Worst-Case Complexity
The worst-case scenarios for hash table operations occur when the hash function does not distribute keys evenly across the buckets, leading to a high load factor or clustering at certain indices. In such cases, many or all keys could hash to the same bucket, and the complexities become:
- Insertion: O(n), where n is the number of elements in the hash table. This happens if every key hashes to the same bucket, making the insertion operation equivalent to appending an item to a linked list of length n.
- Search: O(n), for the same reason as insertion. If all keys are in the same bucket, looking up a key requires traversing a linked list of all n elements.
- Deletion: O(n), because finding and removing a key-value pair would involve traversing the entire list if all elements hash to the same bucket.
Advantages of Hash Tables over Linked Lists
Faster Search, Insert, and Delete Operations: The most significant advantage of hash tables is their ability to perform search, insert, and delete operations in constant time, O(1) under optimal conditions. In contrast, linked lists require O(n) time for search and delete operations, as you may need to traverse the list to find the item.
Direct Access: Hash tables provide direct access to data through keys, making it unnecessary to traverse the structure to find an item, unlike linked lists where traversal from the head to the desired node is often required.
Advantages of Hash Tables over Arrays
Dynamic Sizing: Arrays have a fixed size, meaning you must know the maximum number of elements in advance.
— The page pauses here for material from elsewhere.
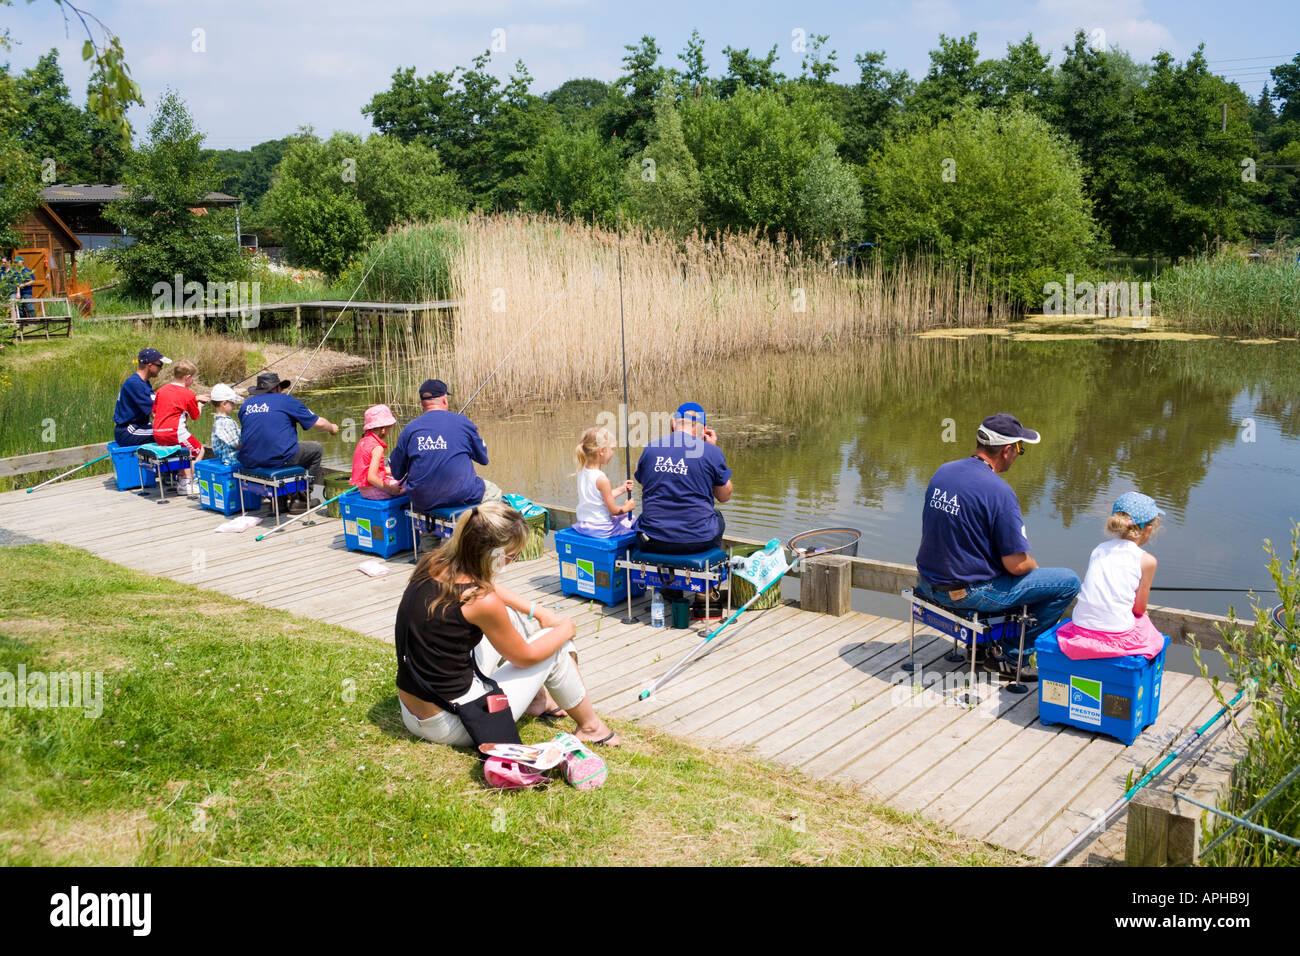 PAA entrenadores angulable dando instrucción a los niños en los tres condados Show, Malvern, Worcestershire Imagen De Stock

While dynamic arrays and array lists can resize, resizing is a costly operation that involves creating a new, larger array and copying all elements to it. Hash tables, especially those designed with dynamic resizing in mind, handle resizing more gracefully, allowing the data structure to grow as needed without significant performance degradation.
Key-Value Storage: Hash tables inherently store data as key-value pairs, making them ideal for scenarios where associative data storage is required. This is a stark contrast to arrays, which only store values and require additional mechanisms to associate keys with those values.